## [Data below]
──────────
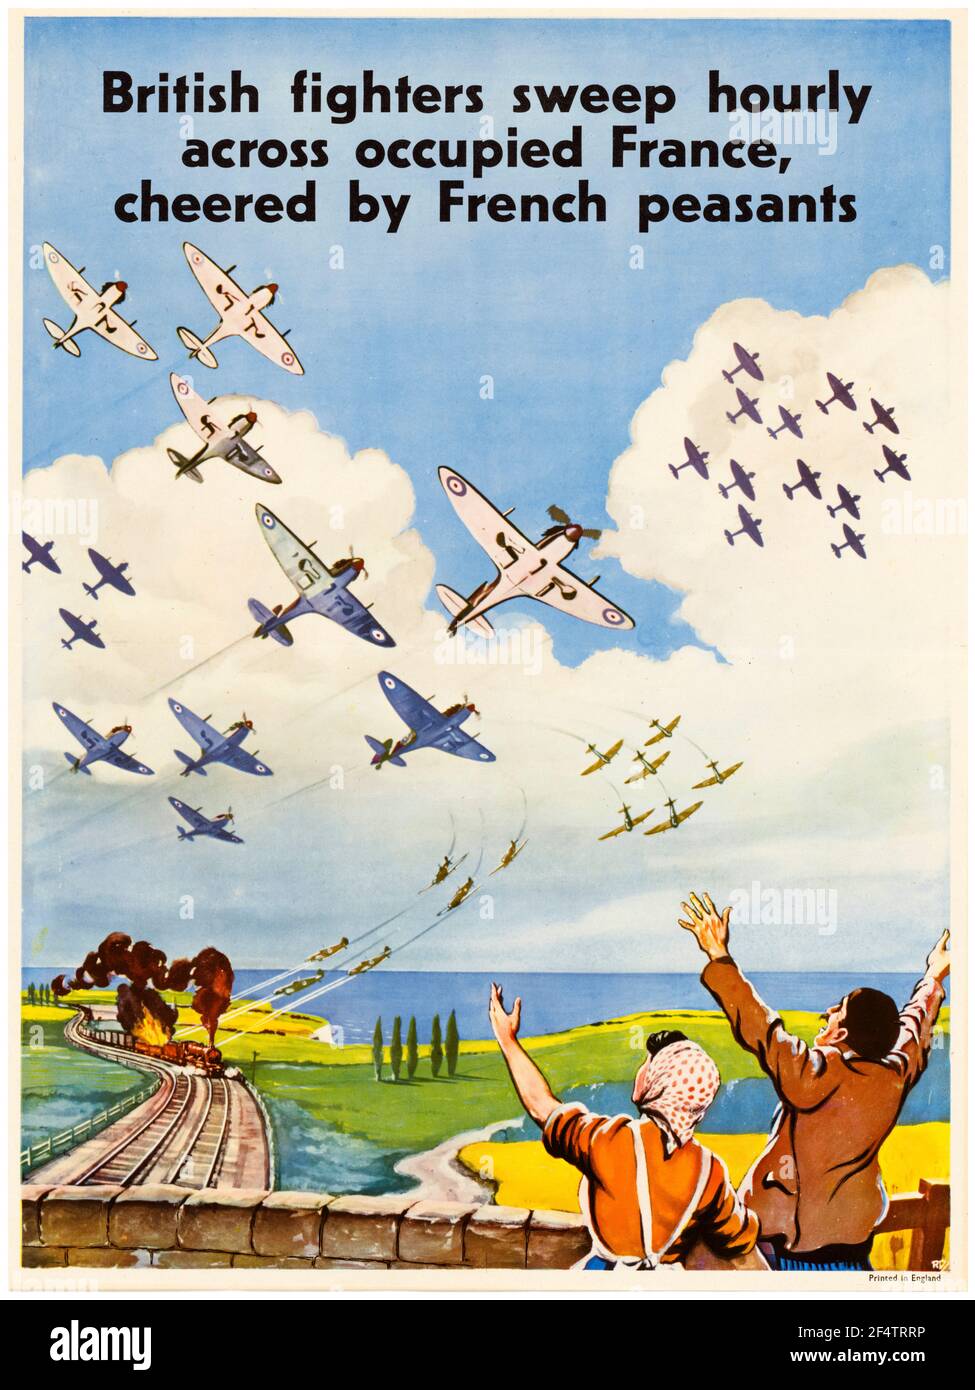 WW2, British RAF Fighters Sweep Hourly attraverso la Francia occupata acclamata dai contadini francesi, (i combattenti RAF attaccano un treno), poster motivazionale, 1942-1945 Foto Stock
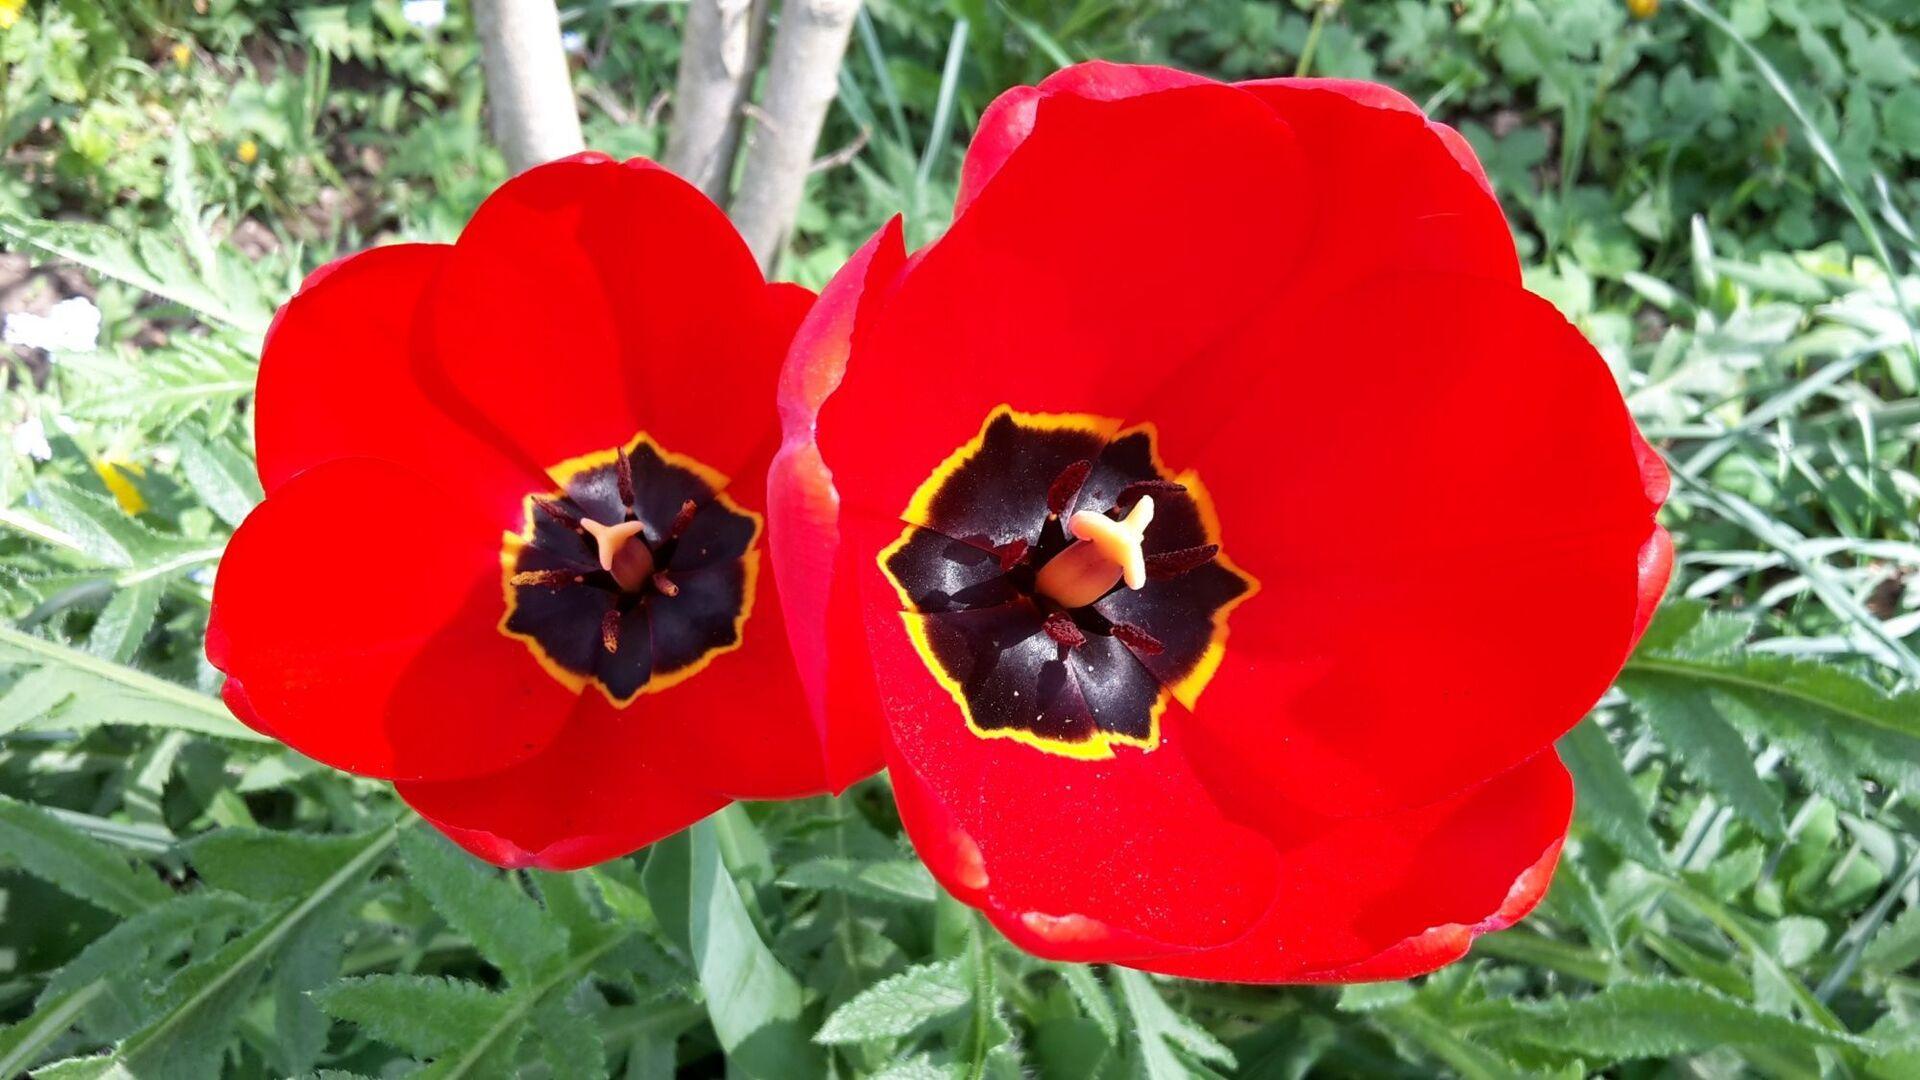 tulipány otevřely své kalichy
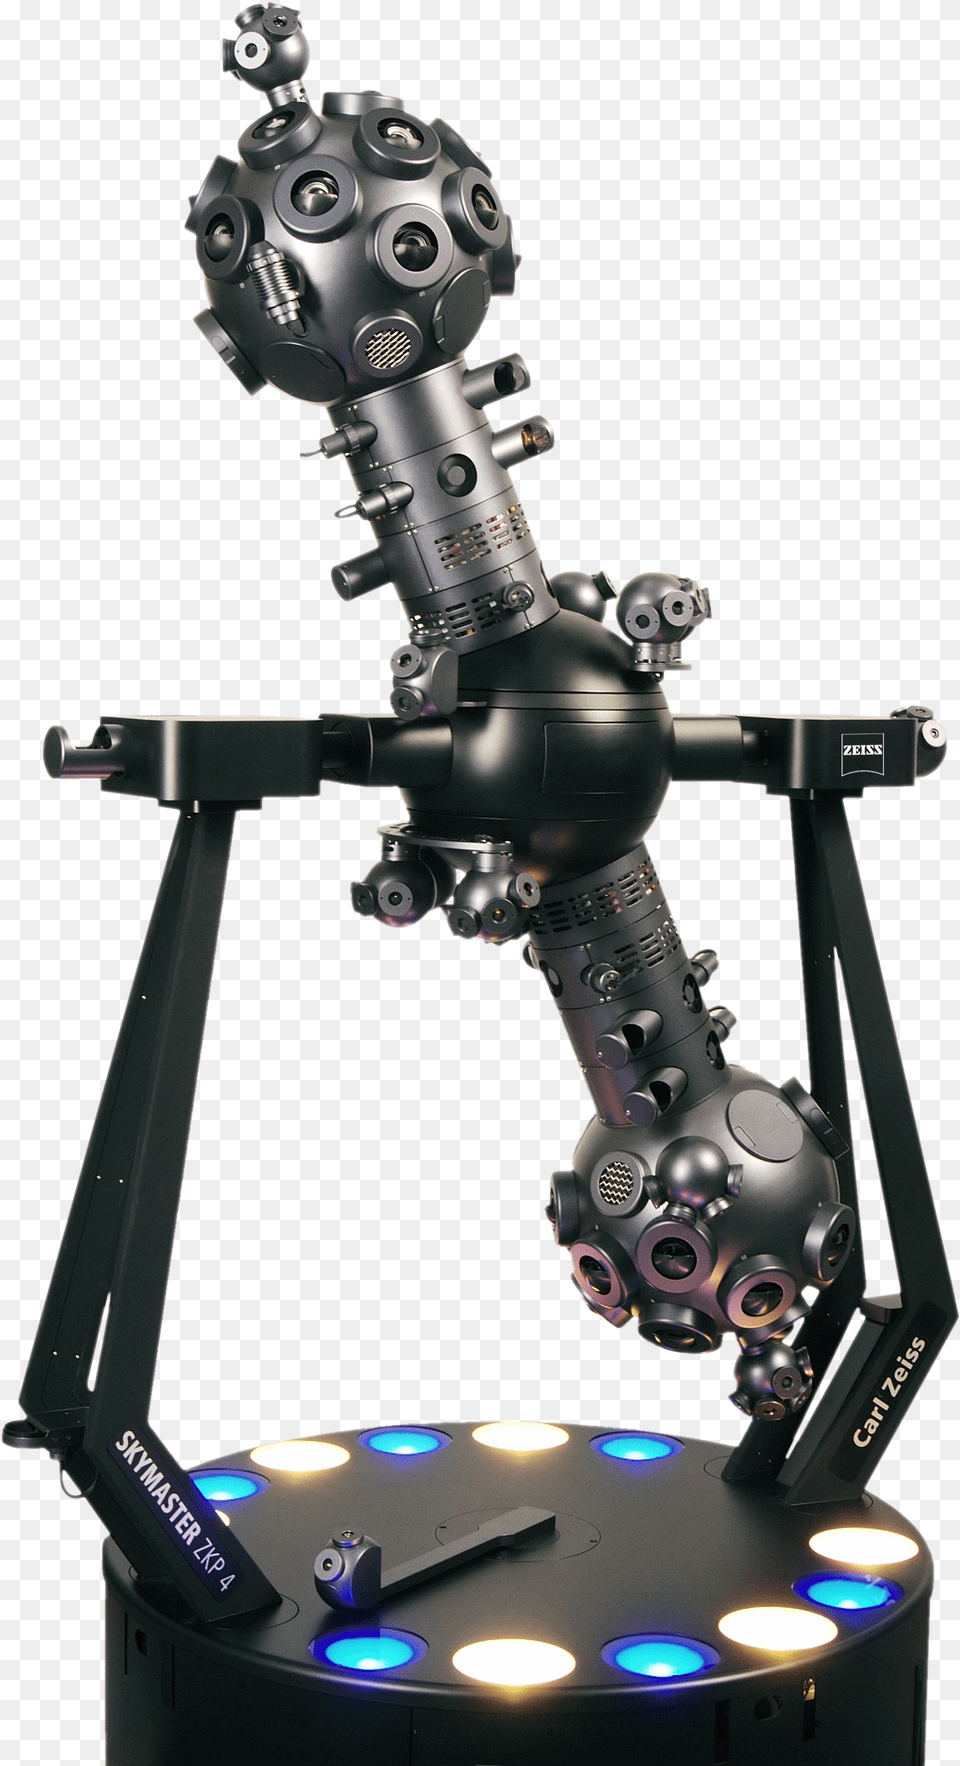 Zeiss Planetarium Projector, Robot Png Image
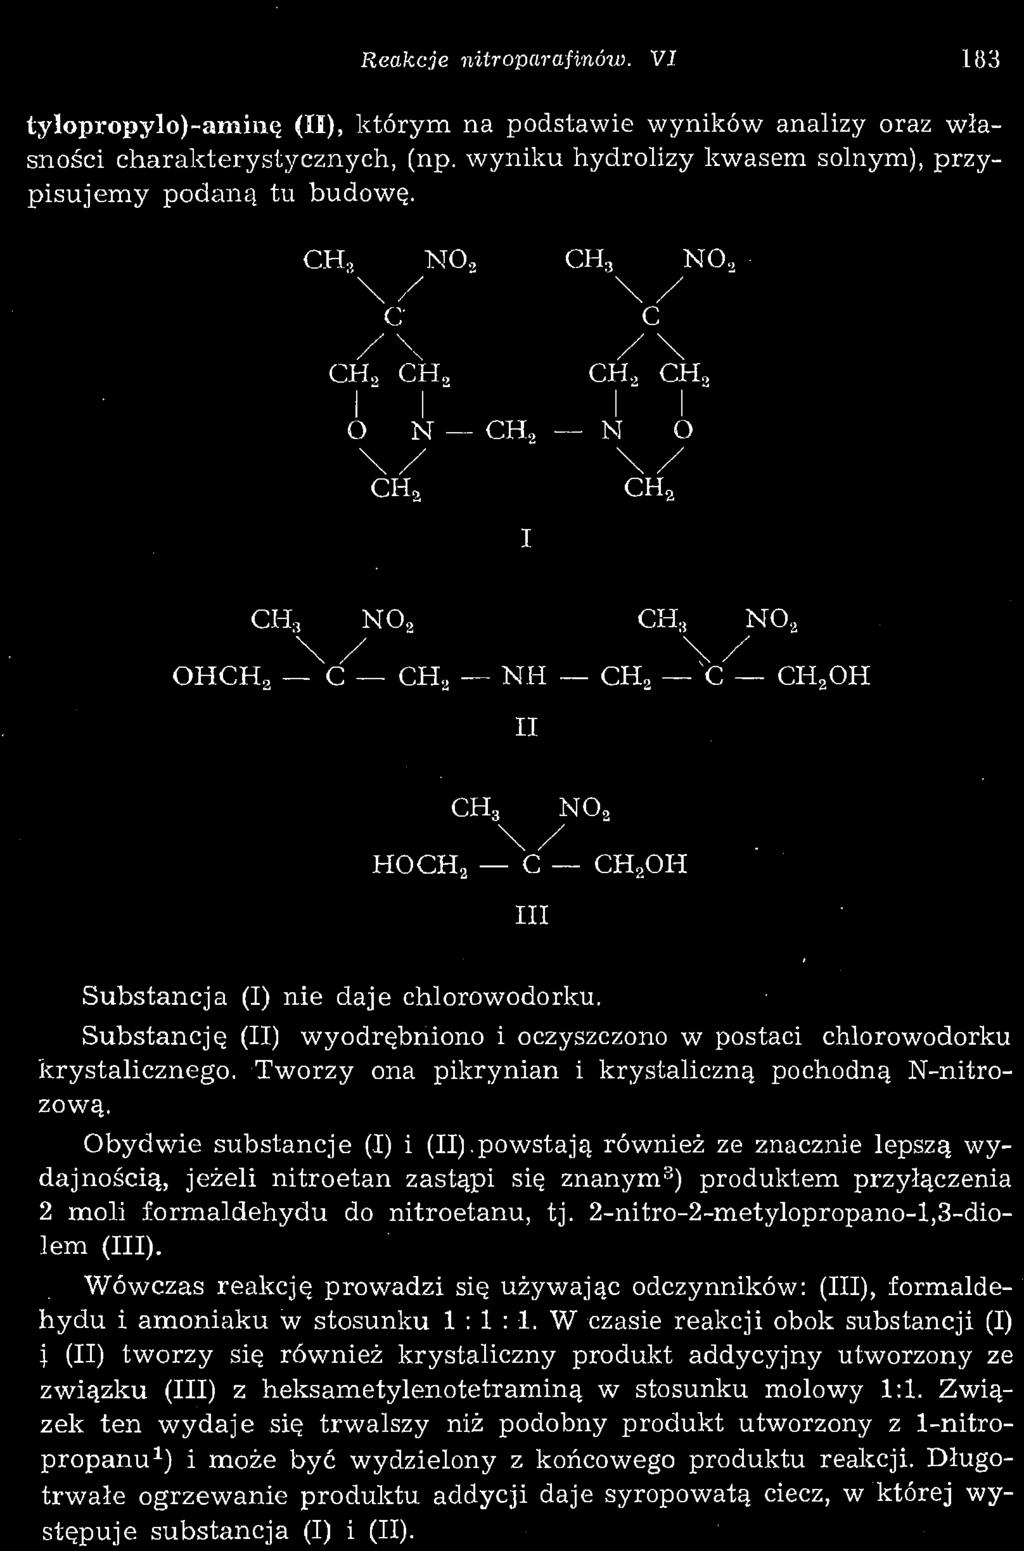 Wówczas reakcję prowadzi się używając odczynników: (III), formaldehydu i amoniaku w stosunku 1 : 1 : 1.
──────────
## [Brief]
Without the pictures, output the full listing exactly as it stands.

## [Your response]
 WW2, British RAF Fighters Sweep Hourly attraverso la Francia occupata acclamata dai contadini francesi, (i combattenti RAF attaccano un treno), poster motivazionale, 1942-1945 Foto Stock
 tulipány otevřely své kalichy
 Zeiss Planetarium Projector, Robot Png Image
 Wówczas reakcję prowadzi się używając odczynników: (III), formaldehydu i amoniaku w stosunku 1 : 1 : 1.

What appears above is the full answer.